The topic came up this past summer during the weekly poker game among Nemiroff and some of his students. They started kicking around ideas, and an approach took shape. If time travelers had visited us, the best evidence would be references to events or developments well before they occurred. A book from 1967 mentioning President Obama, for example, would be pretty hard to explain on any other basis.
The next step was combing through enormous masses of text in search of the "informational traces" (as the paper calls them) left by presumed chrononauts. Nemiroff and his students came up with a number of events and names -- "Pope Francis," for one, since the current pontiff is the first ever to use that name -- and went looking for anachronistic references. The task would be impossible without search engines, of course, while hashtags and Google Trends made it easier to find needles in the haystack.
Or not find them, as it happened. It turns out Dr. Who has not been passing through, or at least not posting on Twitter.
Some commentators have responded, paraphrasing broadly, "Well, duh." But the paper itself points out that the project's design also covered another possibility: that "information itself could be sent back in time," rather than people. Indeed, the retro-transmission of data seems at least somewhat more credible than the idea of human time-jumper. It "would be a type of time travel that might not directly involve the backwards transport of a significant amount of energy or momentum," the paper notes.
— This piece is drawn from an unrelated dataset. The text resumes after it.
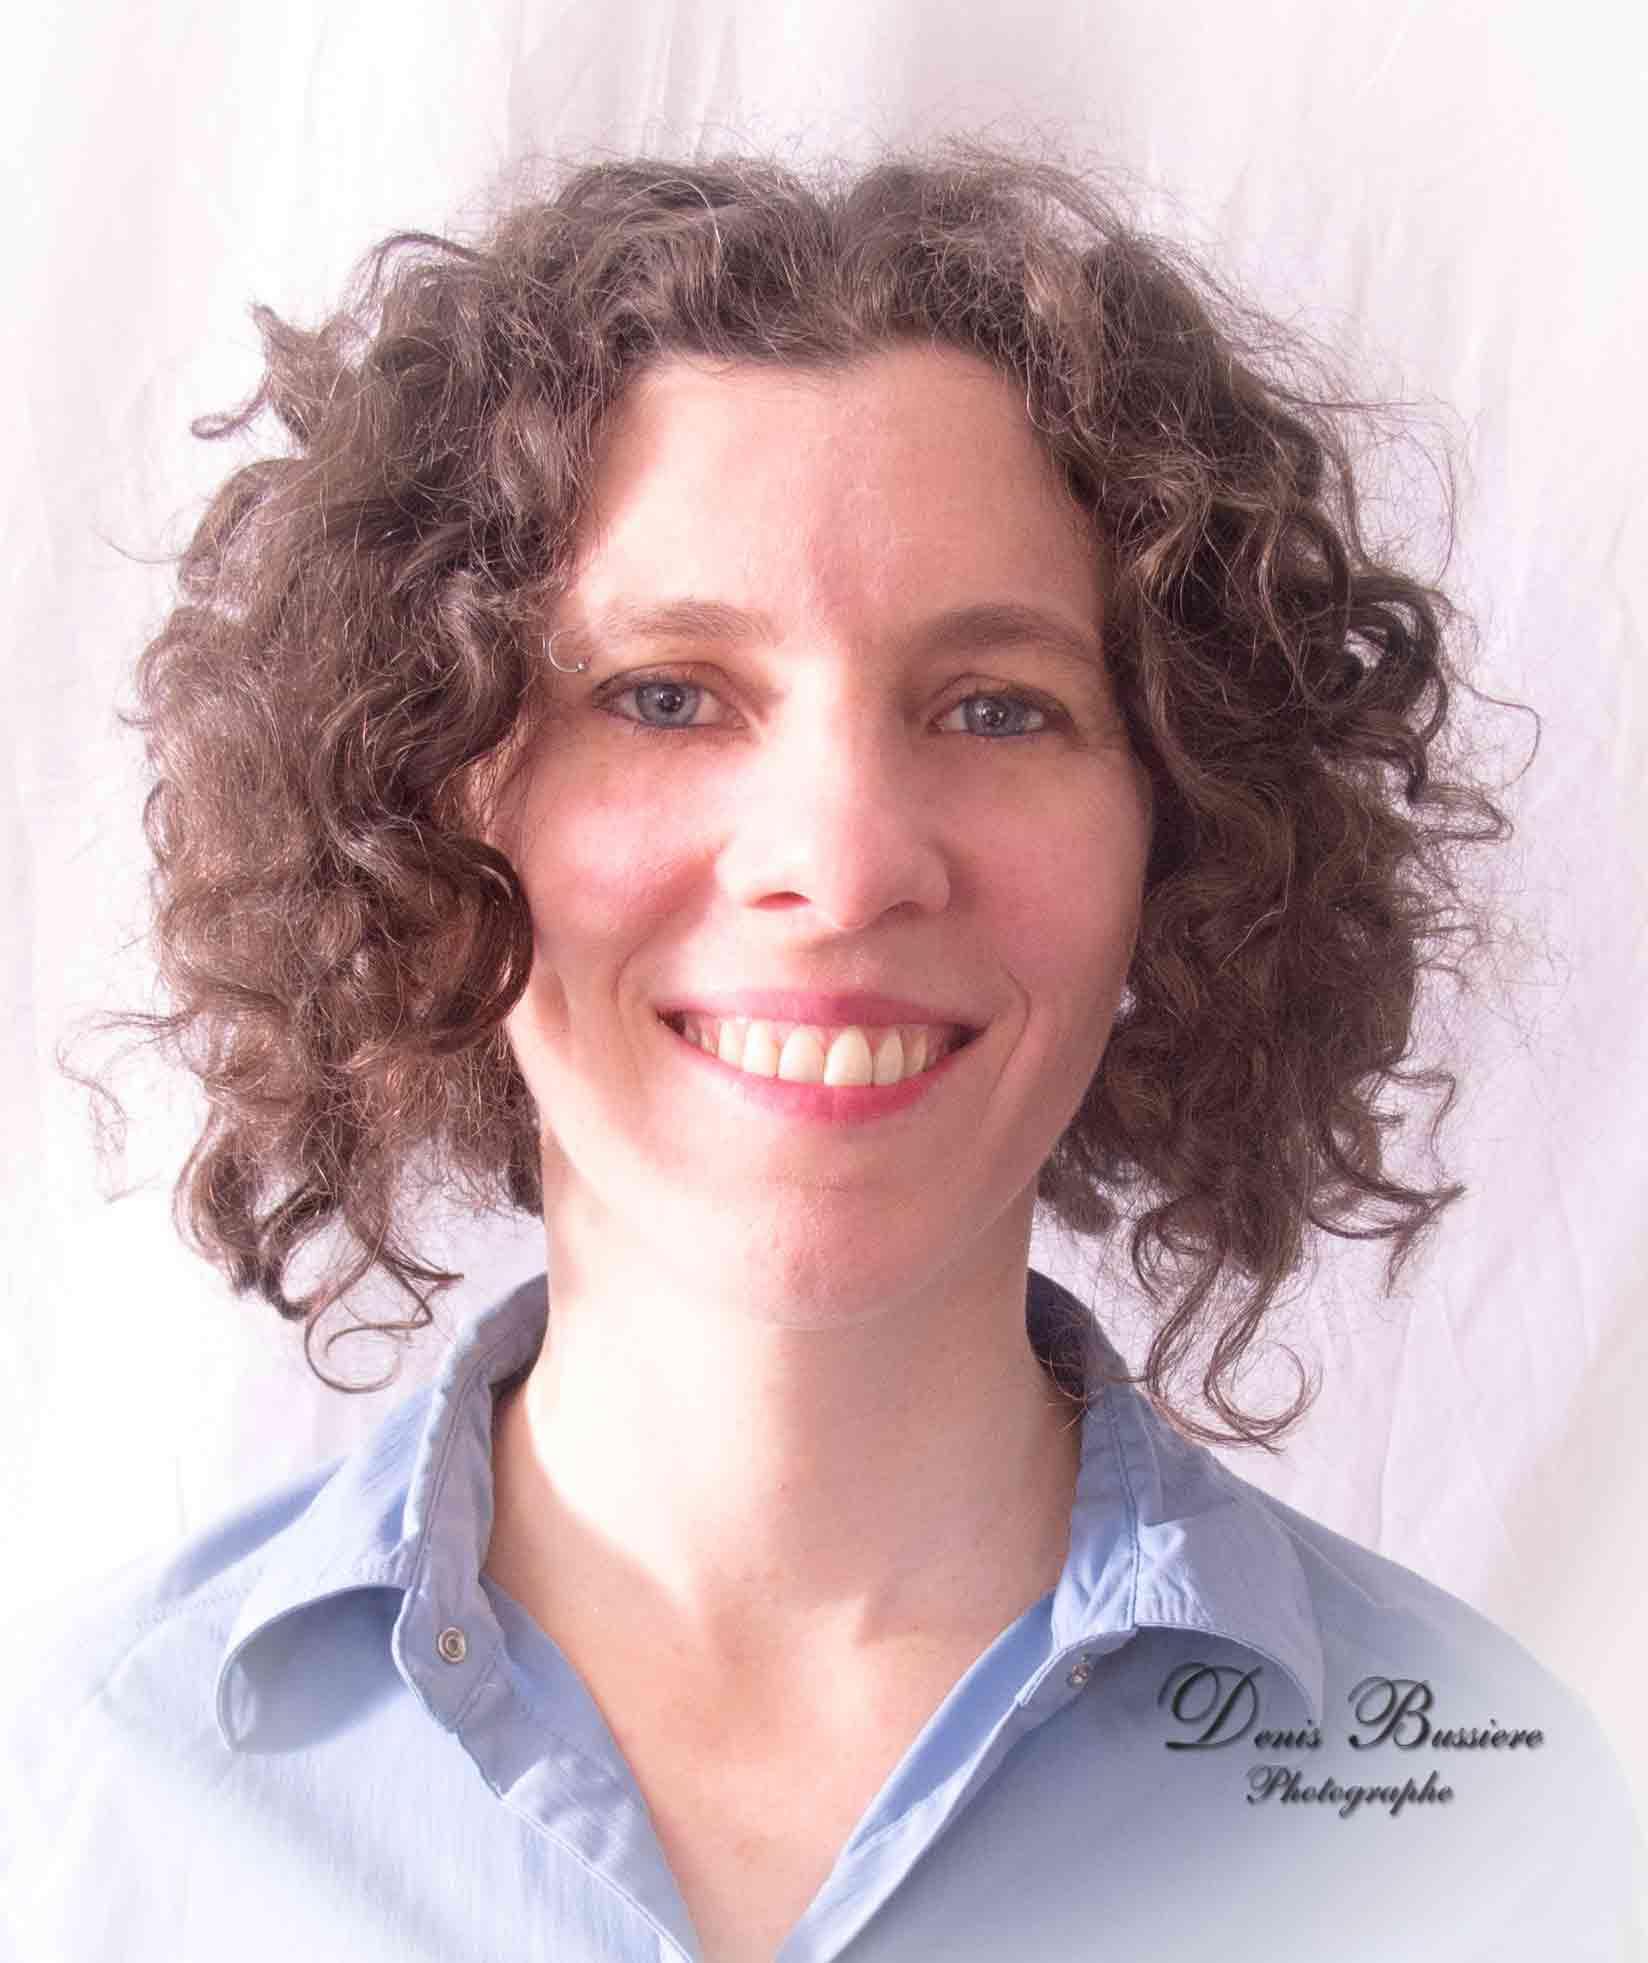 Marie-Soleil Pilette, ostéopathe I.O.

"This might be considered, by some, a more palatable mode of backwards time travel than transferring significant amounts of matter or energy back in time, as the later might break, quite coarsely, local conservation of energy and momentum. For example, were the same person at different epochs to stand next to themselves, the energy tied into their own rest mass seems not to have been conserved. Similarly, instantaneous time travel to the same place on Earth might violate conservation of momentum, as the motion of the Earth around the Sun (etc.) might delegate a significant change in momentum for a corporeal object even over a time scale of minutes."
Passages like that make it difficult to calibrate how much tongue Nemiroff had in cheek when undertaking the project. So I asked him outright.
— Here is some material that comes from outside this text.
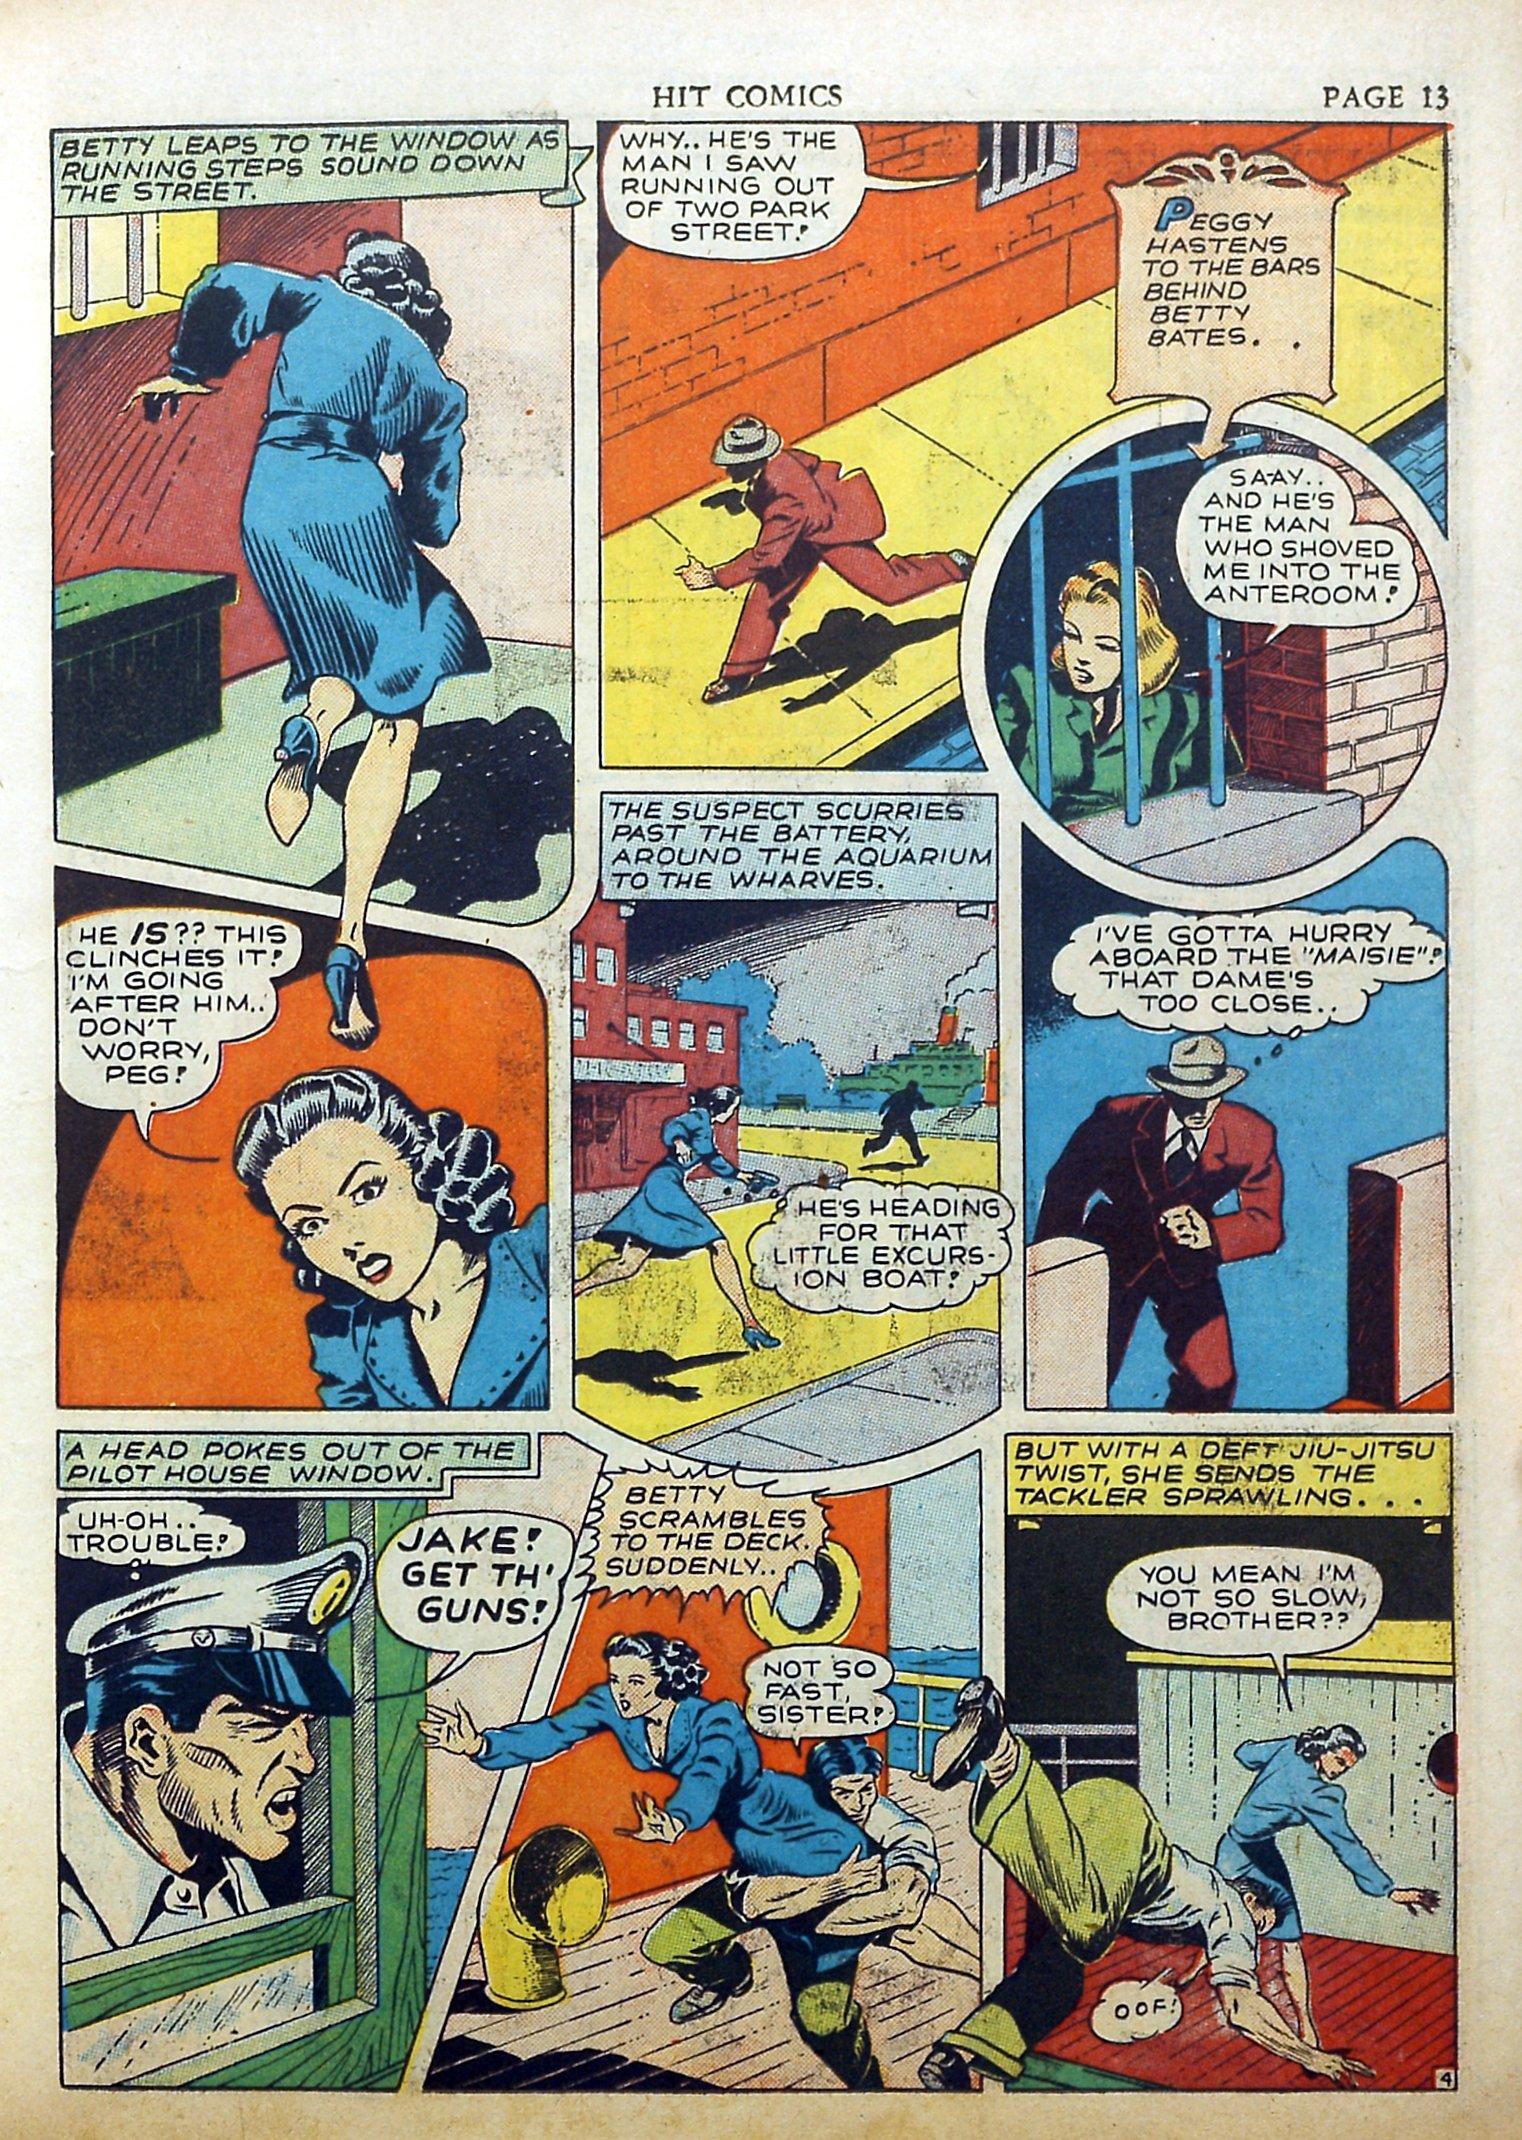 Read online Hit Comics comic -  Issue #17 - 15

"The whole thing was somewhat whimsical," he said. At the same time, he considered it "a real research project," driven by the primal scientific feeling of curiosity. And the brainstorming required also had pedagogical value: "Students learned a lot about classical physics, about how time and special relativity works, while I learned more about social media. I’m 53. I don’t use hashtags that much and didn't know about Google Trends. So it was a matter of the history of physics and the hypermodern world colliding in a cool way." It also exemplified a basic principle Nemiroff learned from his mother: "She said that philosophers used to talk about how many teeth a horse had. When somebody counted them, science was born."
Nemiroff submitted the paper to three journals, each of which rejected it without even sending it out for review, so he decided to make it available through arXiv. The online repository, while not practicing the full-court peer-review process, does screen submissions to keep out the alchemists, perpetual-motion engineers, and suchlike. Acceptance of the paper by arXiv, like the poster session at the astronomers' meeting, is a sign that time travel remains a topic for serious scientific consideration. "It's not likely," he told me, "but you can’t point to laws that preclude it."
For that matter, his reported findings don't rule out the possibility of time-travelers among us. They might be very discreet about what they know. Besides, as the old saying goes, the absence of evidence is not evidence of absence.